Ардашев взял конверт, повертел его в руках и, бросив на стол, заметил:
– А непросто будет Безобразова из этой истории выпутать. Чувствую, глубоко он увяз.
– Простите? Что вы хотите этим сказать? – Доктор воззрился на собеседника вопросительным взглядом.
– Он и впрямь был знаком с Саркисовым давно. По крайней мере, не менее двух лет.
– Вы хотите сказать, что видели их вместе два года назад?
– Помилуйте, Николай Петрович, – наполняя рюмки, воскликнул Ардашев. – В шестом году я еще и не задумывался о приезде в Ставрополь, не до того было.
– Полагаю, вам кто-то рассказал об этом?
Клим Пантелеевич покачал головой.
– Саркисов?
– Нет, не имею чести знать.
– Безобразов?
– Я с ним лишь раскланивался при встрече. И не больше.
– Значит, это гипотеза?
– Нет, это бесспорный факт.
– Но на каком основании вы беретесь утверждать, что жертва и предполагаемый убийца были знакомы не менее двух лет, если никто вам об этом не сообщал, с Безобразовым вы об этом не говорили, а Саркисова вообще никогда не видели?

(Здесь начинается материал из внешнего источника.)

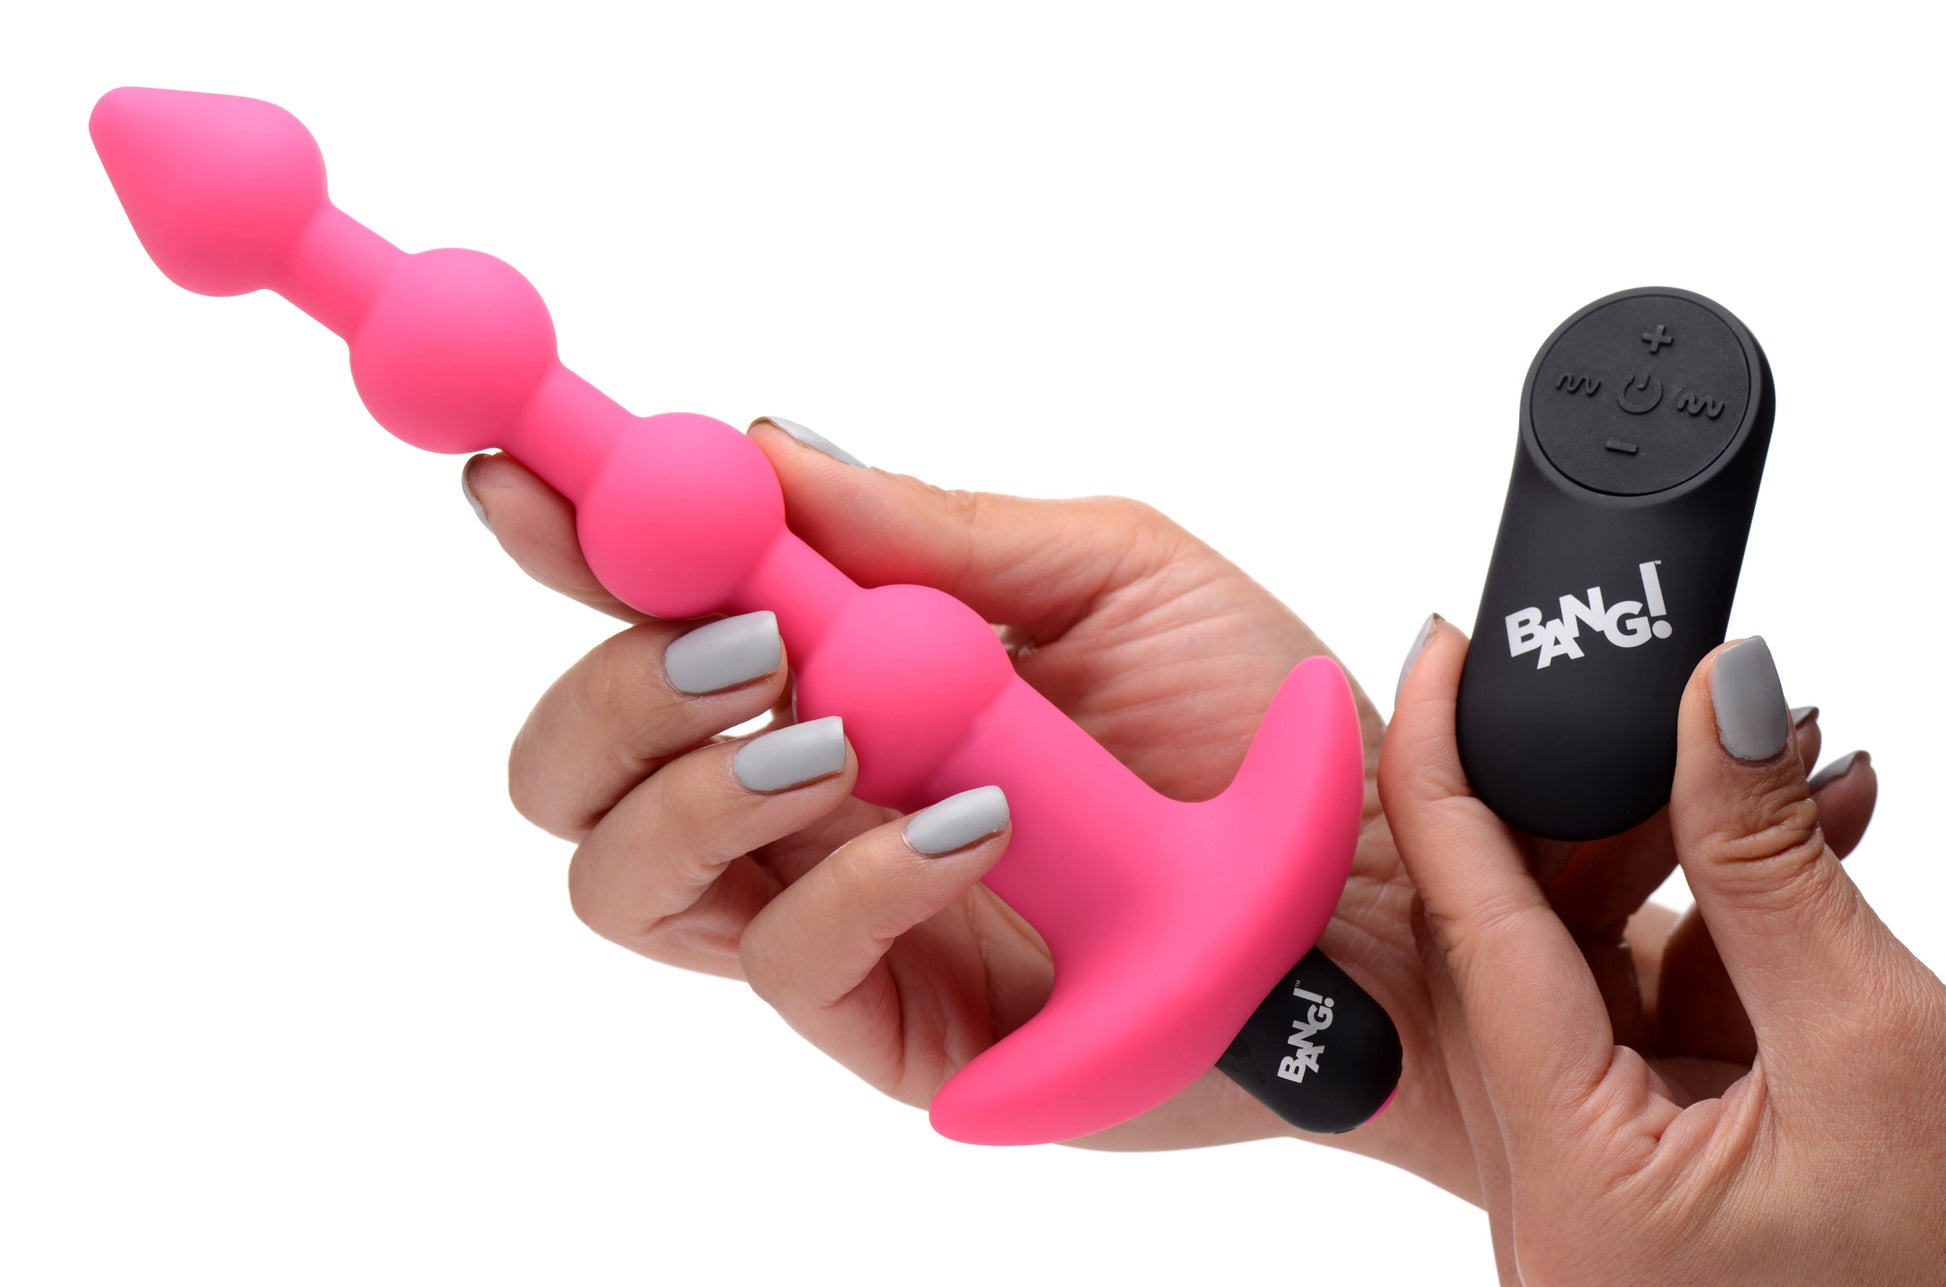 Remote Control Vibrating Silicone Anal Beads - Pink - UABDSM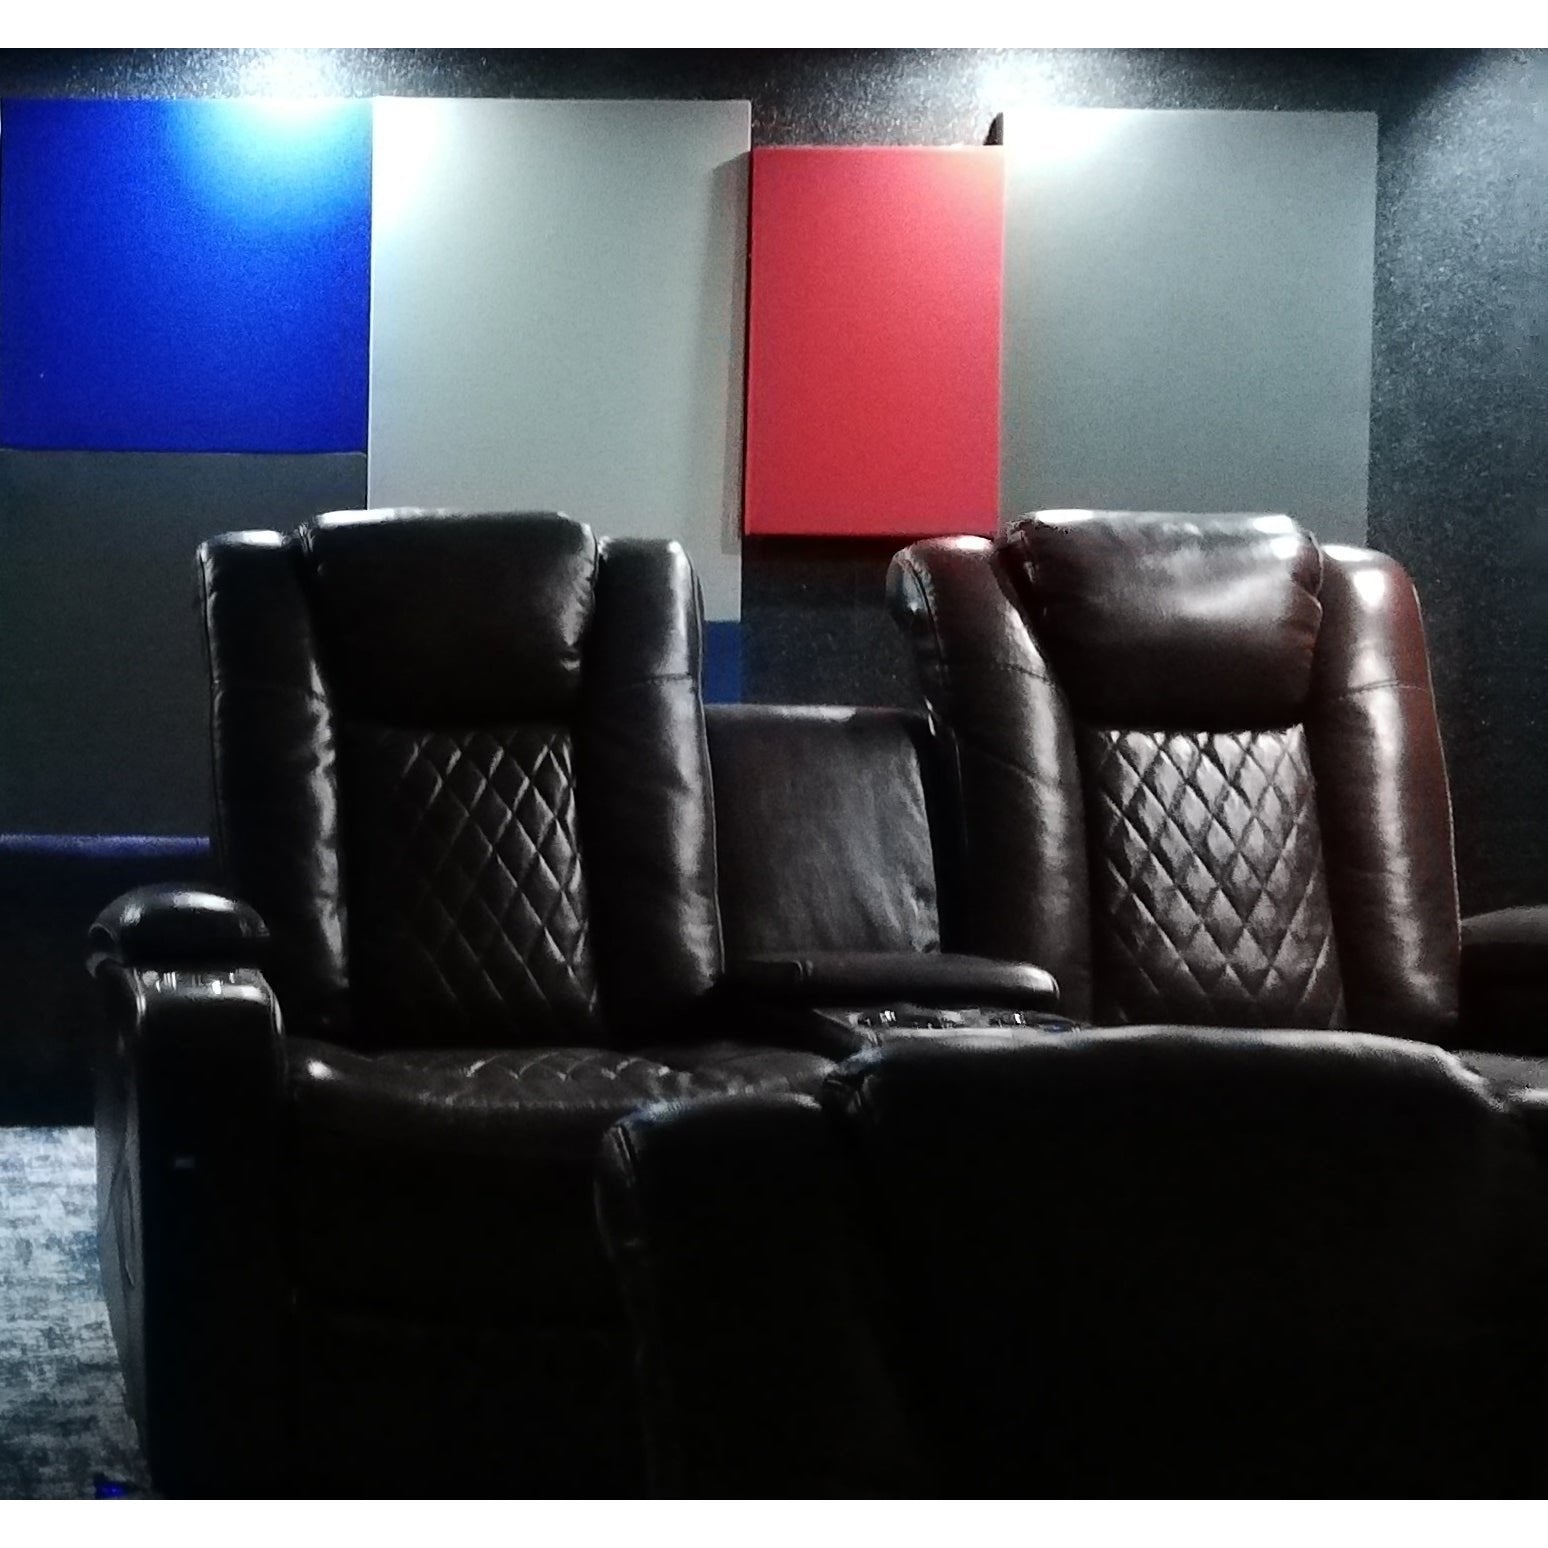 Home cinema installation with acoustic wall panels

Откуда вам это известно?
– От вас, дорогой Николай Петрович, от вас!
– Как это? – широко раскрыв от удивления глаза, пробормотал эскулап.
Ардашев взял конверт, повертел его в руках и передал Нижегородцеву.
– Смотрите, супруга Безобразова положила деньги в один из конвертов, оставшихся после обыска. Оно и понятно: дама расстроилась, и ей было не до условностей. Однако обратите внимание: отправитель: Арам Р. Саркисов, Пятигорская улица, дом 5; получатель: Безобразов В.Н. Адрес хорошо читаем. Да и письмо заказное. Стало быть, важное. Согласно дате на штемпеле, послание отправлено 25.06.1906 из Георгиевска; прибыло в Ставрополь 29.06.1906. Наверняка конверт успел побывать в руках и у Поляничко, и у Леечкина. Но по какой-то нам неведомой причине он полицию не заинтересовал. Может, письма внутри не оказалось, а может, нашли более любопытную корреспонденцию, не знаю. Не исключено, что за давностью лет посчитали конверт малоинтересным, хотя уже по его наличию можно судить о том, что отношения между покойным и Безобразовым были не простые.
– Что вы имеете в виду?
– А стали бы вы хранить чей-то конверт двухгодичной давности (любовная переписка не в счет)?
– Вряд ли…
– Вот! А зачем нужен старый адрес отправителя, если он, судя по вашим словам, поселился в Ставрополе на Армянской улице?
– Трудно сказать.
– А вот и нет! Видимо, между ними были какие-то финансовые отношения, которые достаточно долго продолжались. Вот и решил Безобразов сохранить на всякий случай конвертик с адресом из Георгиевска. Мало ли что? Вдруг разыскивать компаньона придется? Предположу, что Безобразов мог ссудить Саркисову какую-то сумму под проценты либо товар какой-то отпустил. Тут бы хорошо с самим подозреваемым поговорить, но, к сожалению, встретиться с ним я смогу только в суде, если, конечно, таковой состоится.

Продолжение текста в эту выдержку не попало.